5th Chairwoman of the Criminal Division of the Supreme Court of Lithuania
- Incumbent
- Assumed office 11 November 2022
- President: Gitanas Nausėda
- Prime Minister: Ingrida Šimonytė Gintautas Paluckas
- Preceded by: Aurelius Gutauskas

Judge of the Supreme Court of Lithuania
- Incumbent
- Assumed office October 2017

Acting President of the Supreme Court of Lithuania
- In office 14 November 2022 – 27 March 2023
- Preceded by: Sigita Rudėnaitė (acting)
- Succeeded by: Danguolė Bublienė

Personal details
- Born: 1973 (age 52–53) Lithuania
- Alma mater: Vilnius University
- Occupation: Lawyer

= Gabrielė Juodkaitė-Granskienė =

Lithuanian lawyer and legal scholar

Gabrielė Juodkaitė-Granskienė (/lt/; born 1973) is a Lithuanian lawyer and legal scholar. Since 2017, she serves as a judge of the Supreme Court of Lithuania.

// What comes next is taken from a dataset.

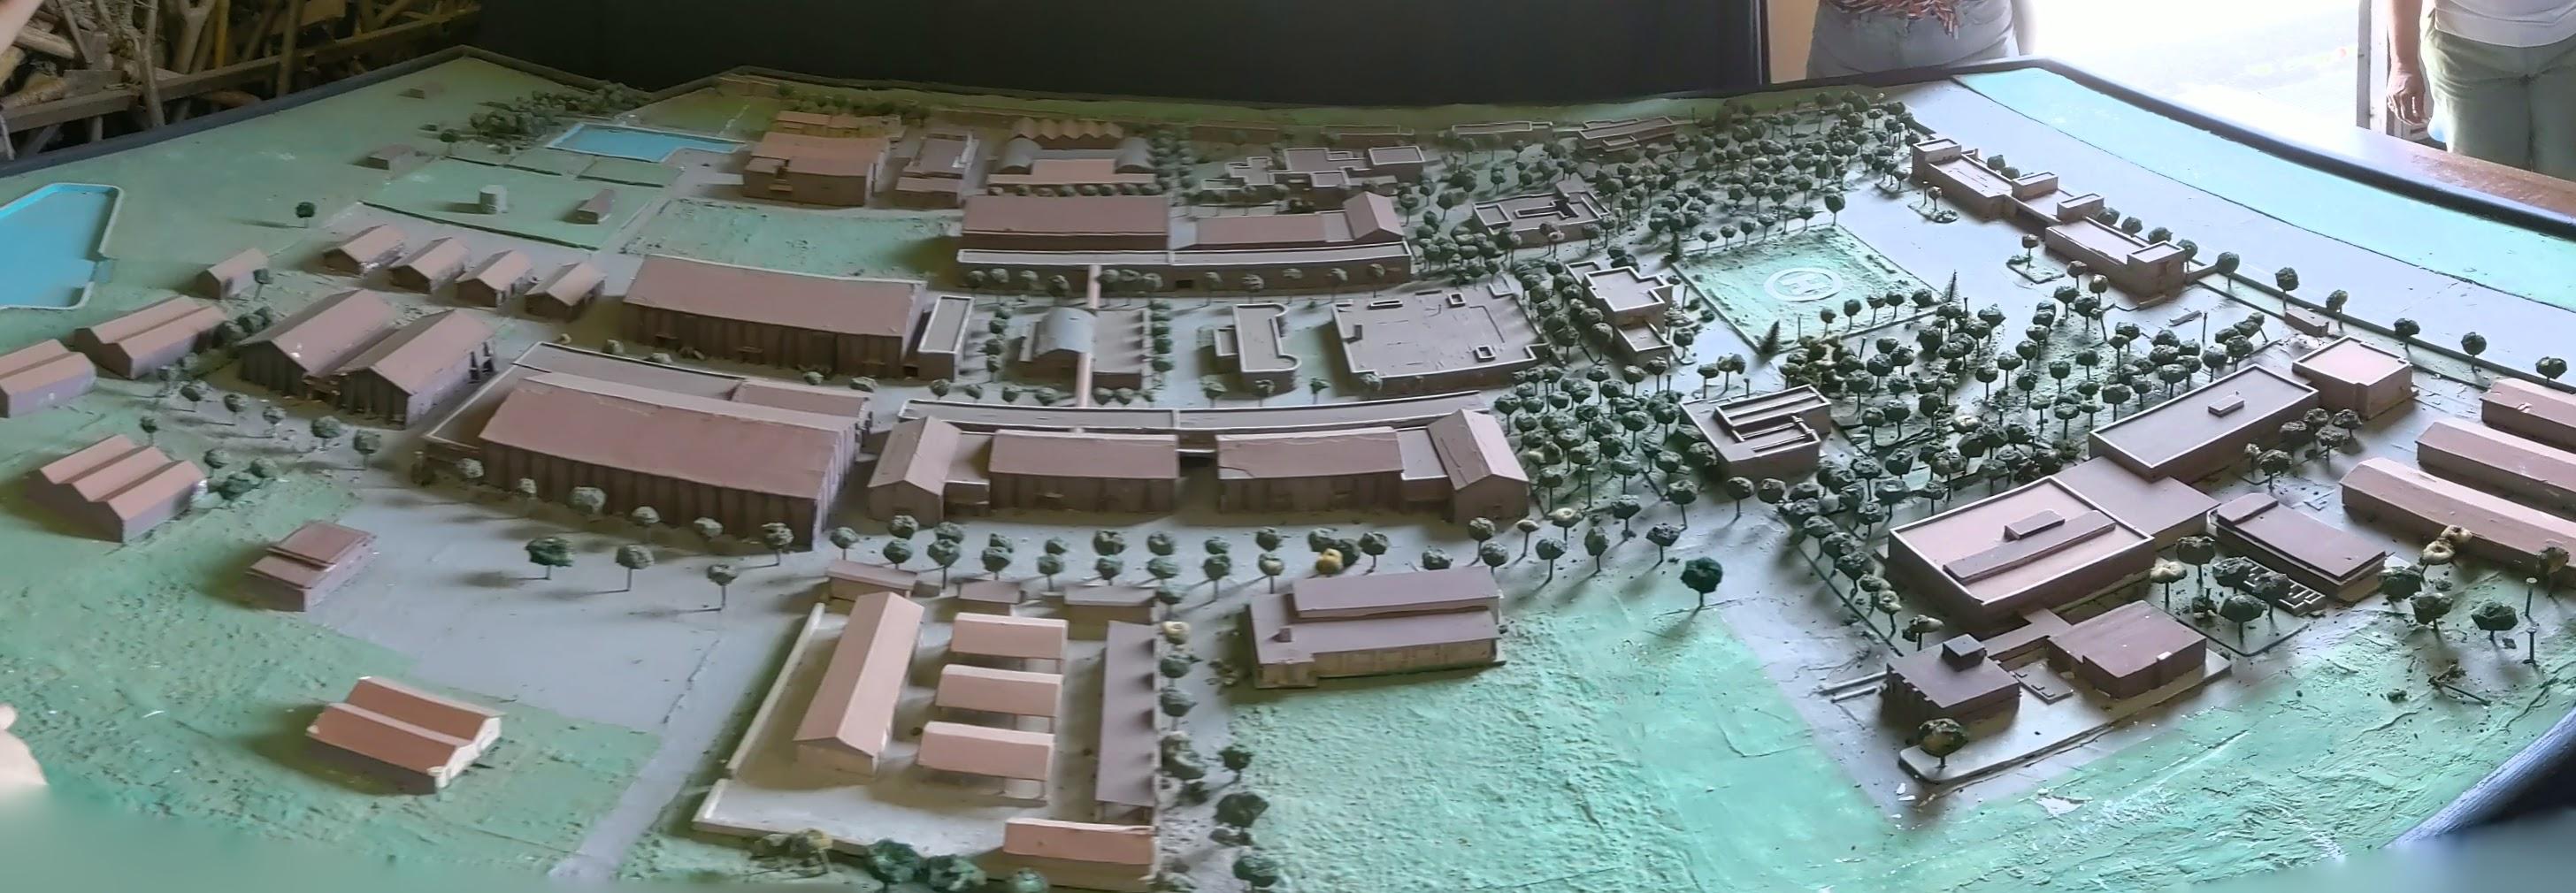 Cinecitta - maquette

She has served as the Director at the Forensic Science Centre of Lithuania. Since 2022, she also serves as the Chairwoman of the Criminal Division of the Supreme Court of Lithuania.

== Education ==
Juodkaitė-Granskienė graduated with a law degree from Vilnius University in 1996 and earned her PhD in Law from the same institution in 2003. She has also served as an associate professor at the Faculty of Law at Vilnius University since 1997.

== Career ==
Juodkaitė-Granskienė has held several prominent positions throughout her career. She served as the Director of the Forensic Science Centre of Lithuania, where she was responsible for overseeing the country's forensic research. In 2017, she was appointed as a judge of the Supreme Court of Lithuania, where she has contributed her expertise in criminal law. Since 11 November 2022, she has served as the Chairwoman of the Criminal Cases Division of the Supreme Court of Lithuania. Additionally, she has been an associate professor at the Faculty of Law at Vilnius University since 1997, where she has shared her knowledge of law with students.